Le Bénin figure parmi les pays épinglés pour trafic de drogue en Afrique de l’Ouest. Ce business illicite nourrit à la chaine plusieurs acteurs connus ou insoupçonnés. Entre 2023-2024, d’importantes saisies de drogue ont été effectuées dans ce pays.
Belmondo ATIKPO
Selon le rapport (WENDU) publié en 2024, le Bénin est en tête des saisies de drogues en 2023 avec plus de 16 000 kg interceptés. Les forces de l’ordre béninoises ont saisi plus de 16 000 kg de drogues en 2023, principalement du cannabis, selon un rapport du Réseau ouest-africain d’épidémiologie sur la consommation de drogues (WENDU) publié le 11 septembre 2024. Avec un total de 16 454,63 kg de substances illégales, dont 13 704,06 kg de cannabis, le Bénin se classe en tête des pays ouest-africains pour les saisies de drogues. D’autres stupéfiants, comme la cocaïne, l’héroïne et la méthamphétamine, ont également été interceptés. En plus de ces saisies, 490 personnes ont été arrêtées, parmi lesquelles 69 femmes, la majorité étant de nationalité béninoise. Les saisies signalées ont été effectuées au Bénin, en Gambie, au Ghana, au Sénégal et au Togo.

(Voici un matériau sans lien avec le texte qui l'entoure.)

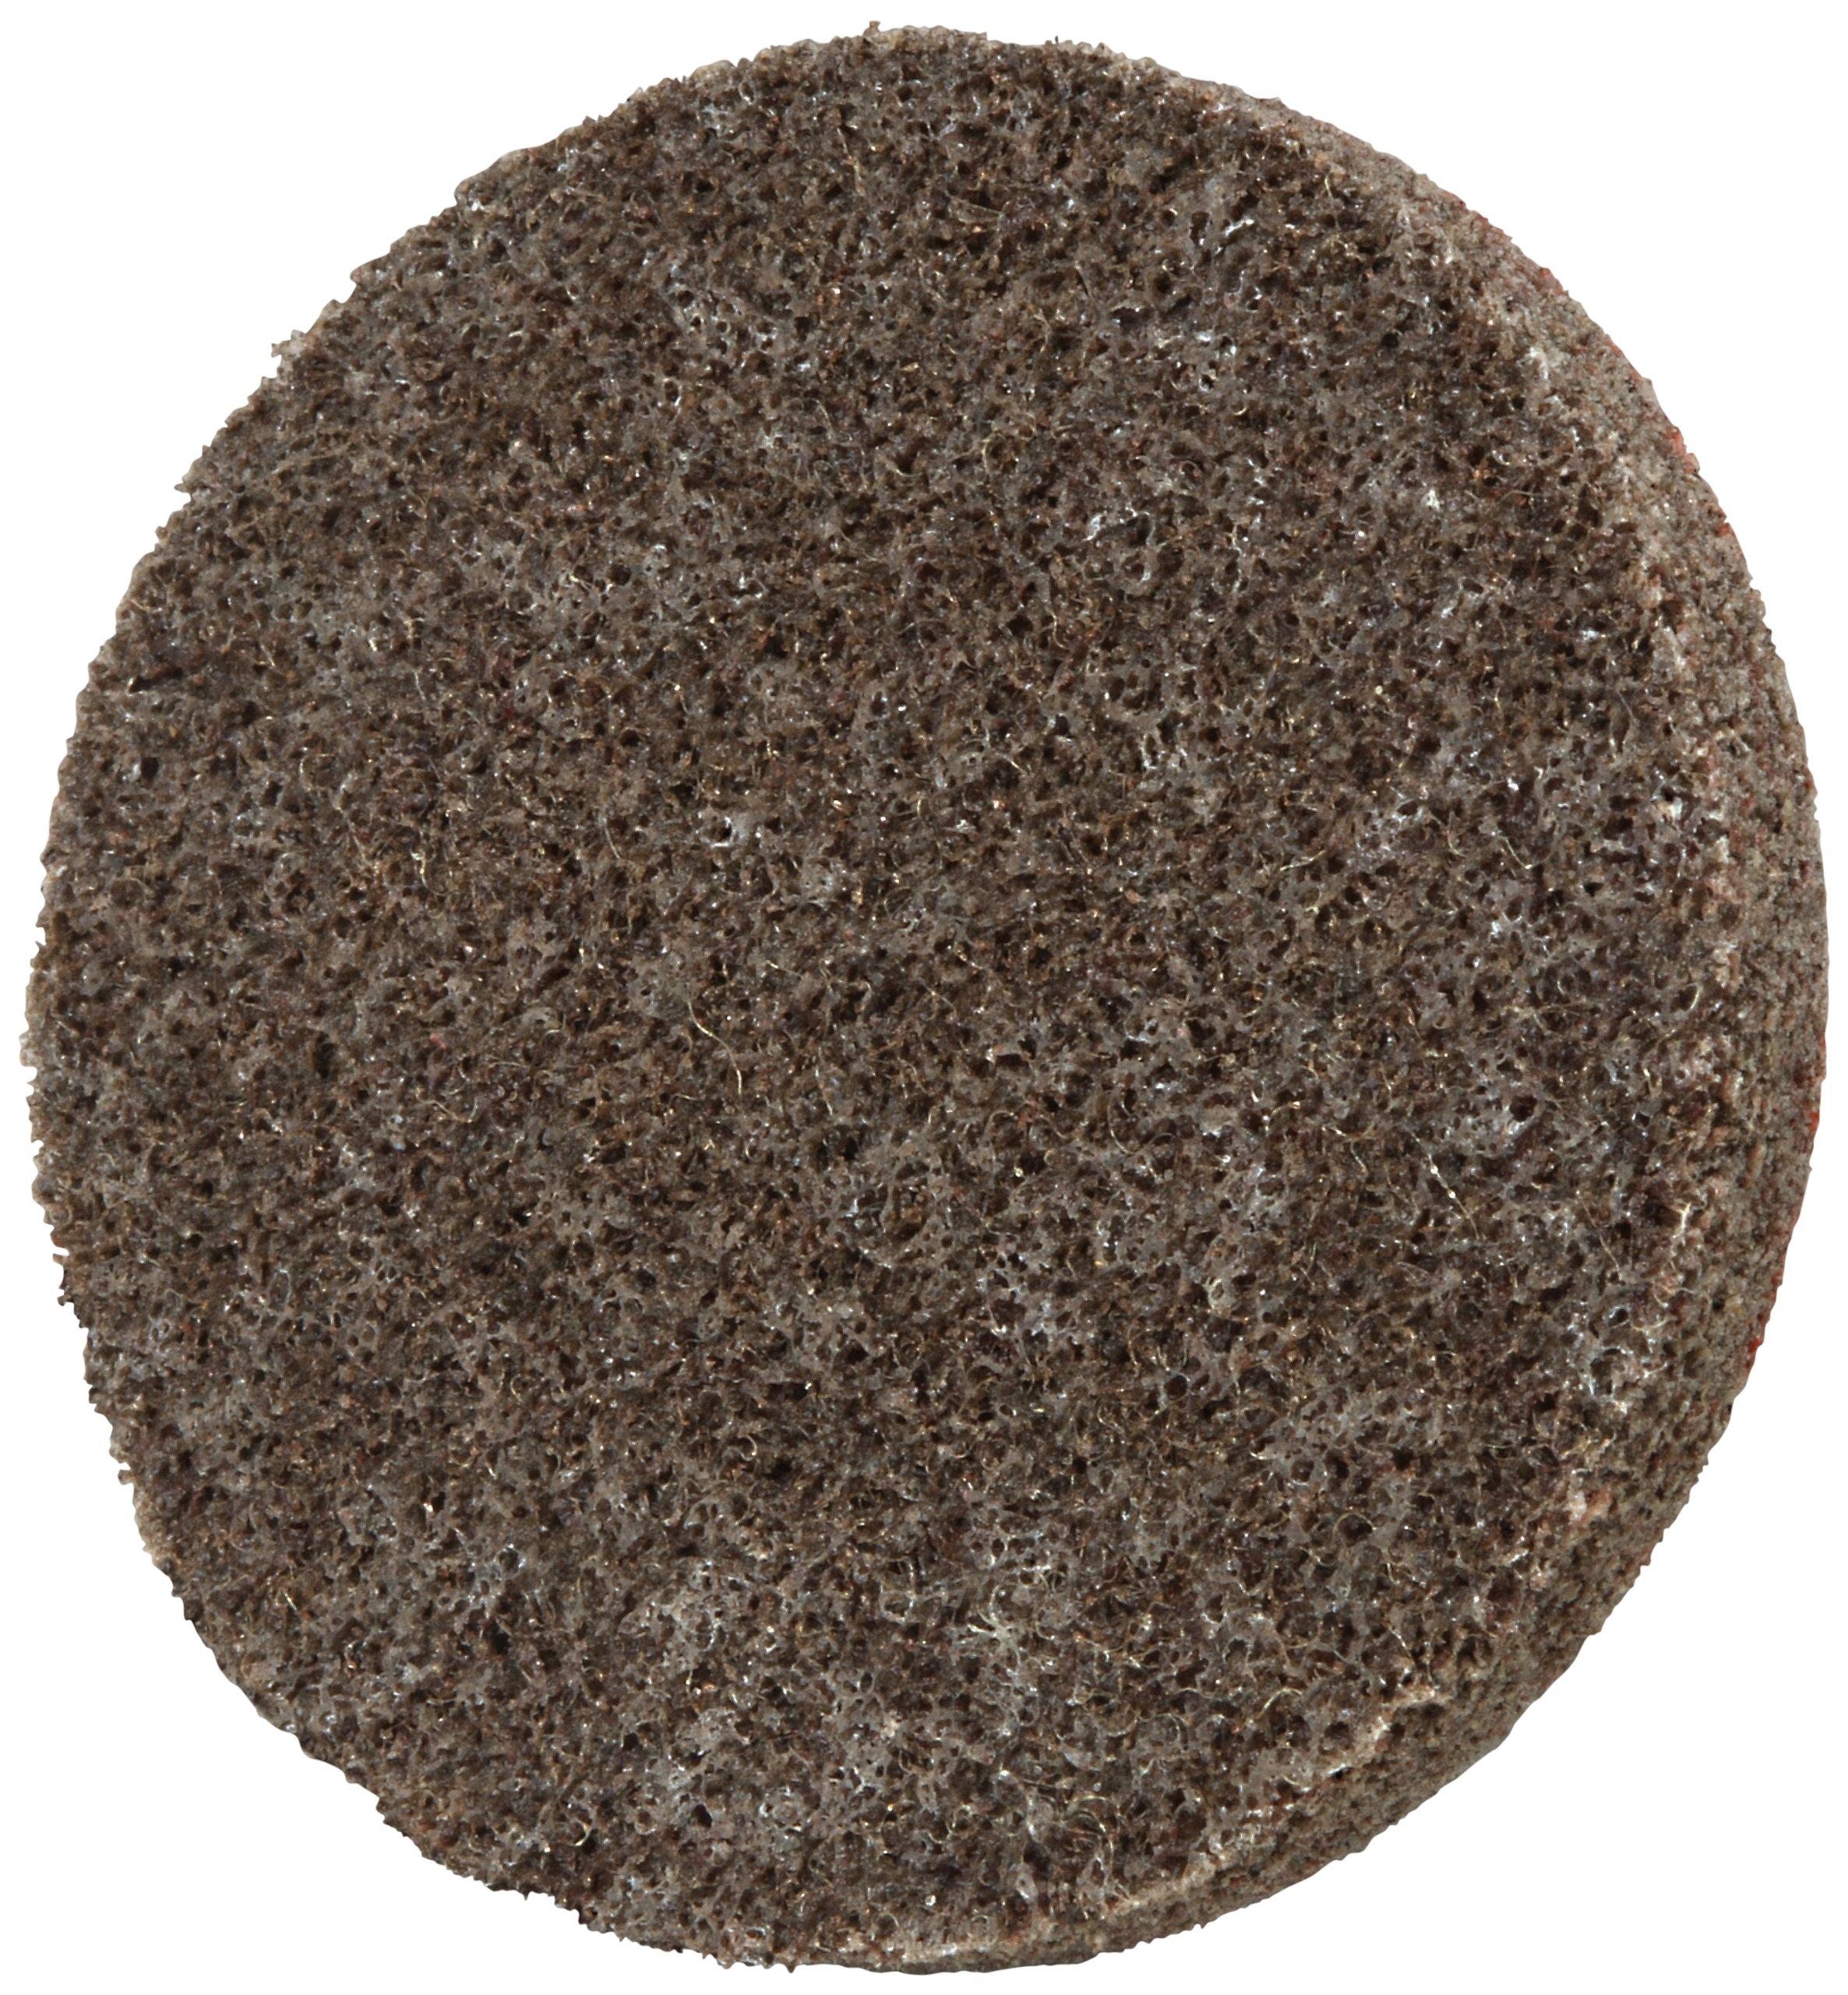 Scotch-Brite(TM) Roloc(TM) EXL Unitized Wheel TR, Aluminum Oxide, 22100 rpm, 2 Diameter, 8A Coarse Grit (Pack of 60)

Le STA saisi en plus grande quantité en 2023 était la cathinone (Khat), une substance psychoactive d’origine végétale inscrite au titre de la Convention des Nations Unies de 1971 sur les substances psychotropes.
Les Zémidjans « accro » de la drogue
Le Bénin n’est pas qu’une plaque tournante. Il devient, de plus en plus, un lieu de forte consommation. La consommation de tramadol et de cannabis, entre autres substances psychoactives, a des conséquences sanitaires graves, même si leur vente illégale et leur consommation abusive ont été freinées par la traque menée ces dernières années. Plusieurs groupes sociaux sont concernés, surtout les adolescentes et adolescents mais aussi celles et ceux qui exercent des métiers pénibles ainsi que les conducteurs de taxis-motos. Parmi les facteurs qui fondent la consommation de substances psychoactives chez les conducteurs de taxis-motos, on citera : la pénibilité du travail ou la « nécessité de tenir la route à tout prix » ; les antécédents personnels ; la recherche de performance et/ou d’endurance au guidon et donc la lutte contre les fatigues ; la peur (liée à la crainte de ne pas atteindre ses propres objectifs et d’honorer les engagements envers les propriétaires de motos) et du stress constants (du fait du rythme du travail, des répressions policières réelles ou pressenties…) ; le soulagement des douleurs physiques et morales ; la recherche du plaisir et l’appartenance à des réseaux relationnels pratiquants ou addictifs ; la jeunesse des conducteurs de taxis-motos ; la méconnaissance des revers et retombées liés à la trop forte consommation des médicaments et surtout des SPA ; la recherche active, voire effrénée de gains au prix de tous les sacrifices pour répondre aux obligations, subvenir aux besoins, payer les tontines, « assurer » dans les groupes de pairs et faire face à d’autres contraintes existentielles ; l’échec de la répression. Il n’existe pas de données fiables sur la consommation de tramadol et des substances psychoactives par les conducteurs de motos-taxis au Bénin. Cependant, on constate une recrudescence de l’usage non médical de ces produits par ces acteurs. Cet usage est souvent observé chez les conducteurs de taxis qui travaillent de jour comme de nuit et qui se surnomment « Zò mă ci » (littéralement « sans éteindre le feu, sans arrêt »). Ceux qui sont sous contrat se voient confier des motos ou squattent des motos et sont soumis à des contraintes en termes de gains. Ils roulent, « sans couper le moteur », du matin au soir et même la nuit.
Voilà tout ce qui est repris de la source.